SOURCE DATA:

+ + + +

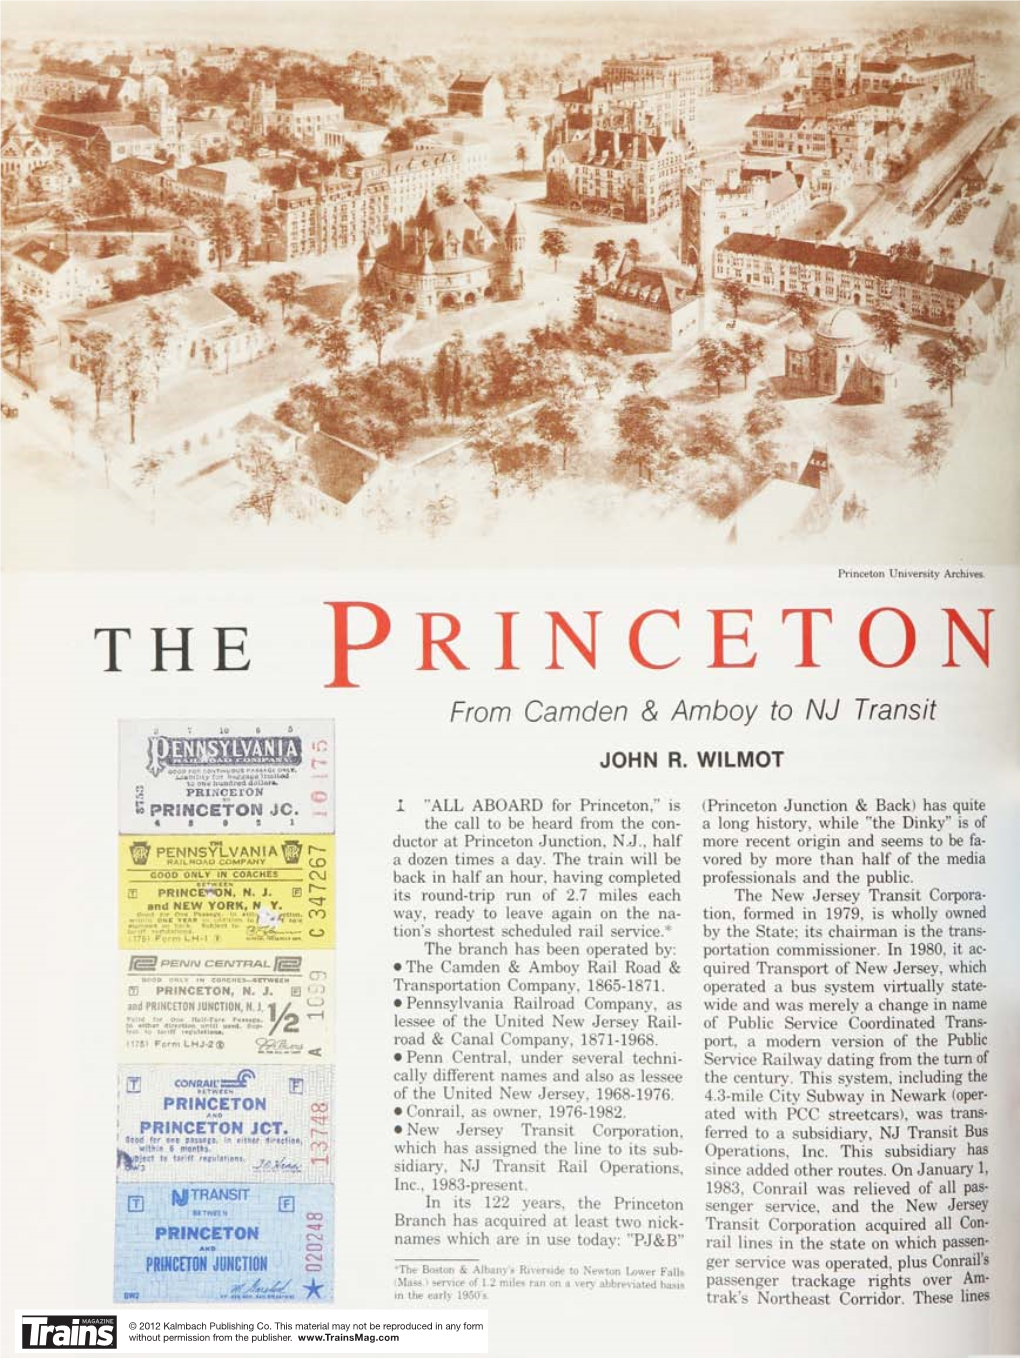 (Left) of the Princeton University Campus
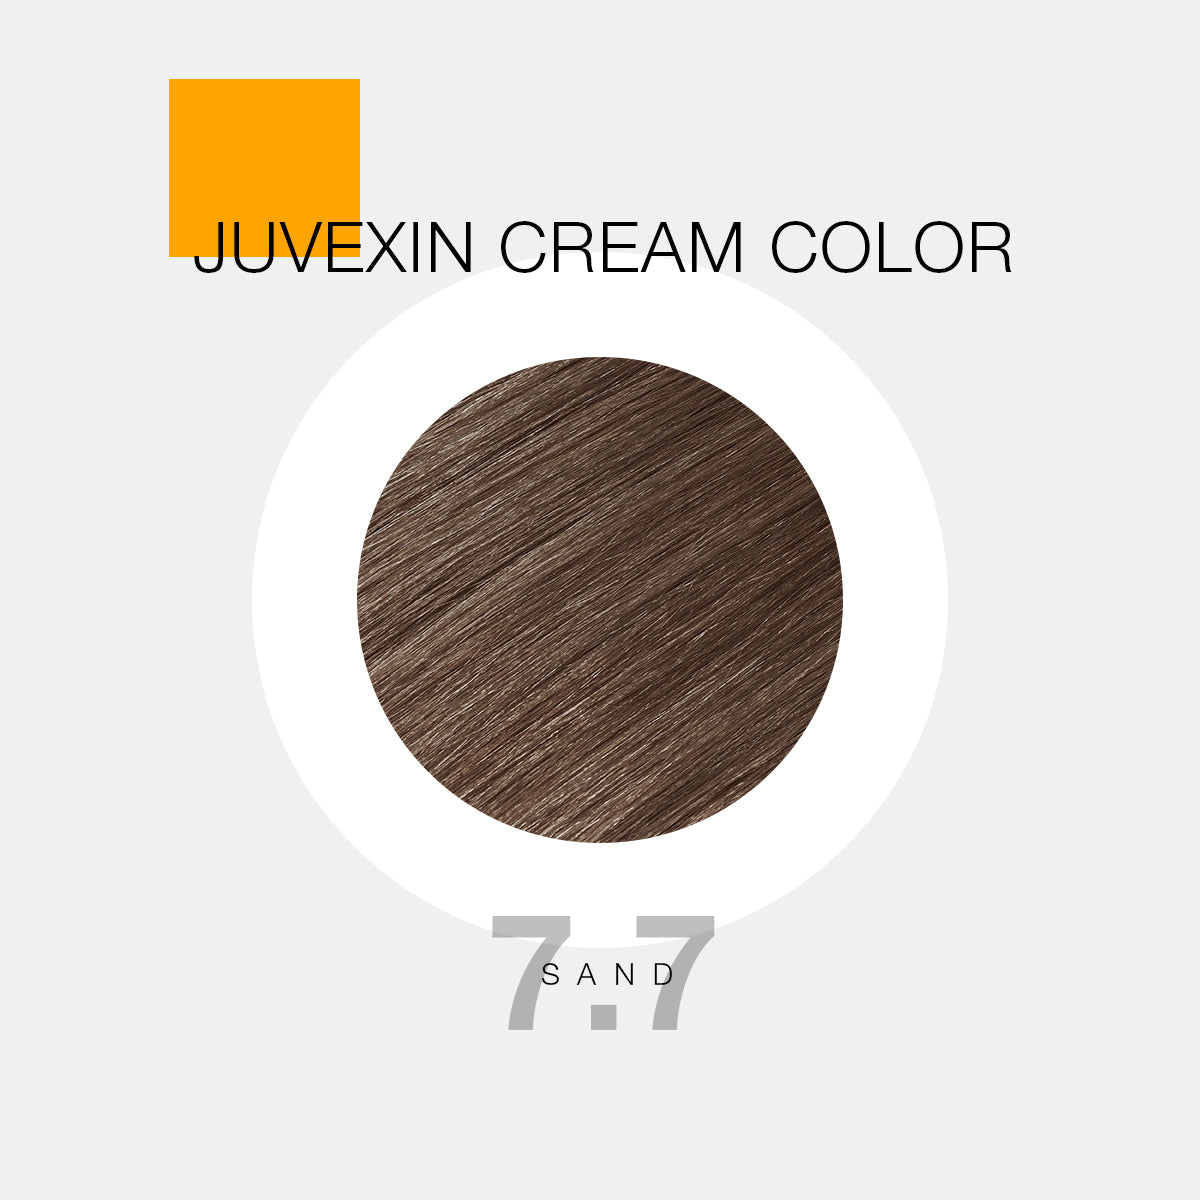 Juvexin Cream Color Pro Sand
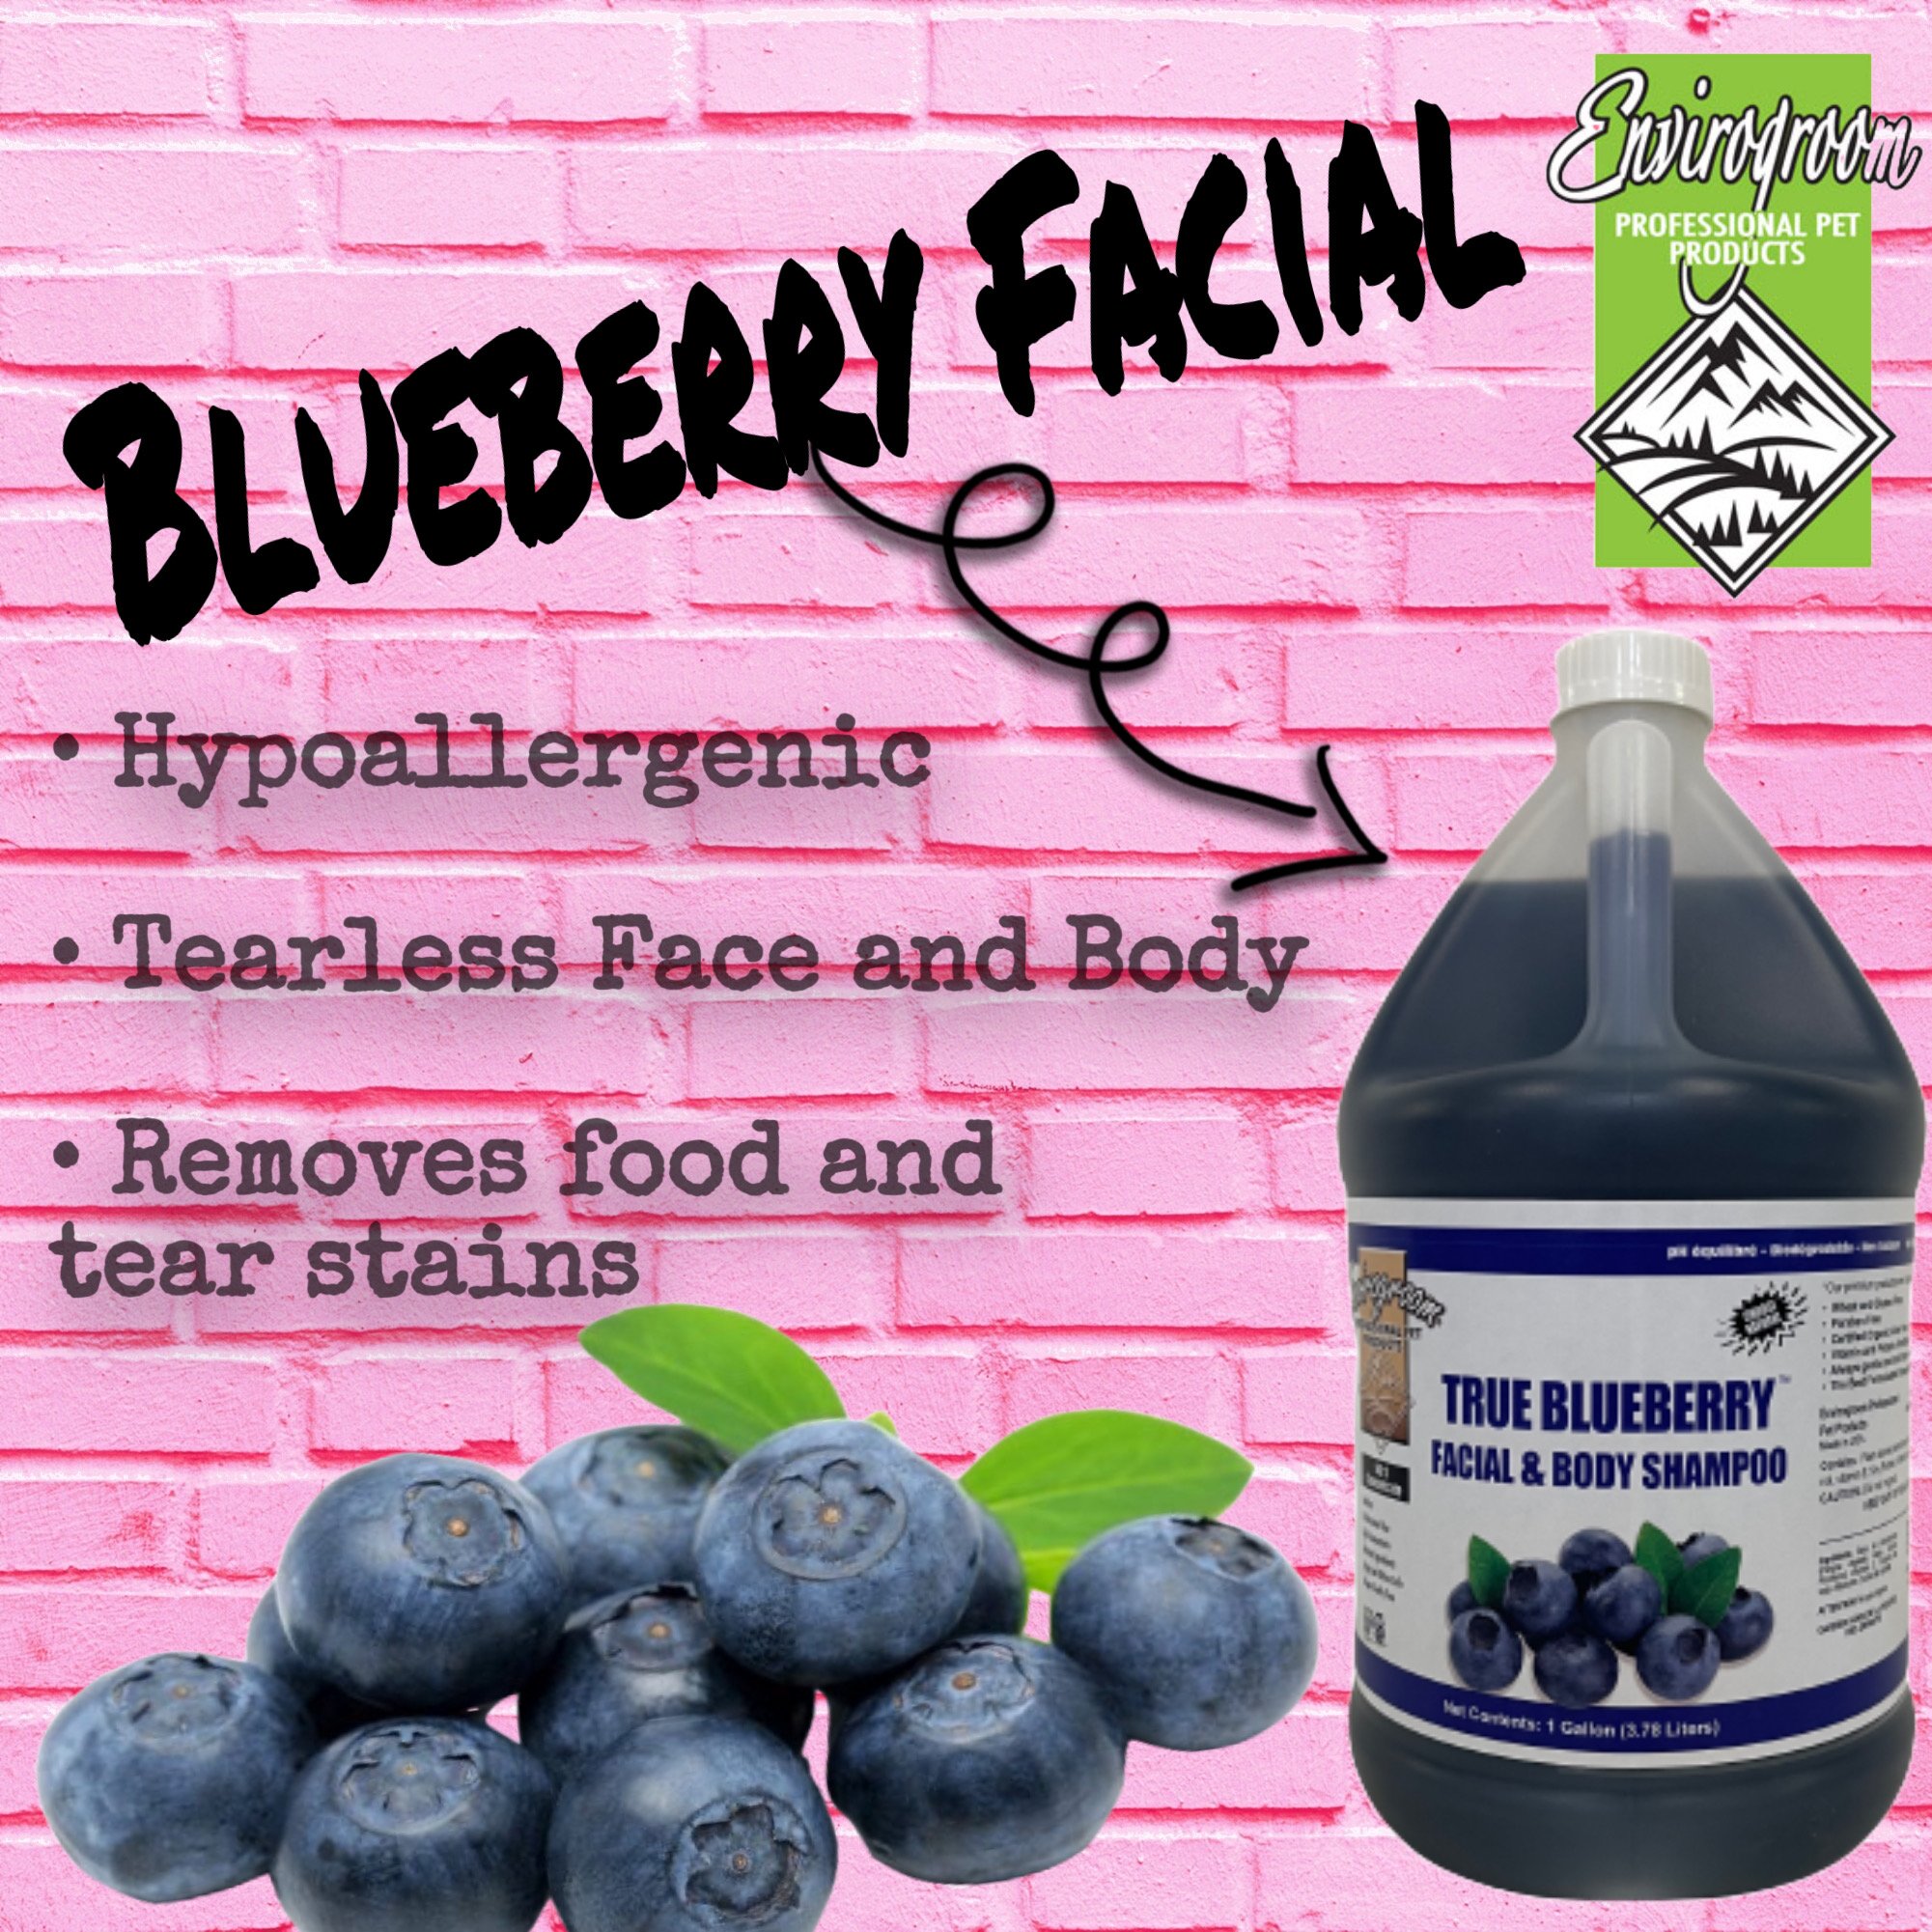 True Blueberry Website.JPEG

+ + + +

PROMPT:
What the answer needs is every line from the one with "Juvexin Cream Color Pro Sand" through the last line of the data, reproduced word for word and with pictures omitted.

SOLUTION FOR THIS EXERCISE:
 Juvexin Cream Color Pro Sand
 True Blueberry Website.JPEG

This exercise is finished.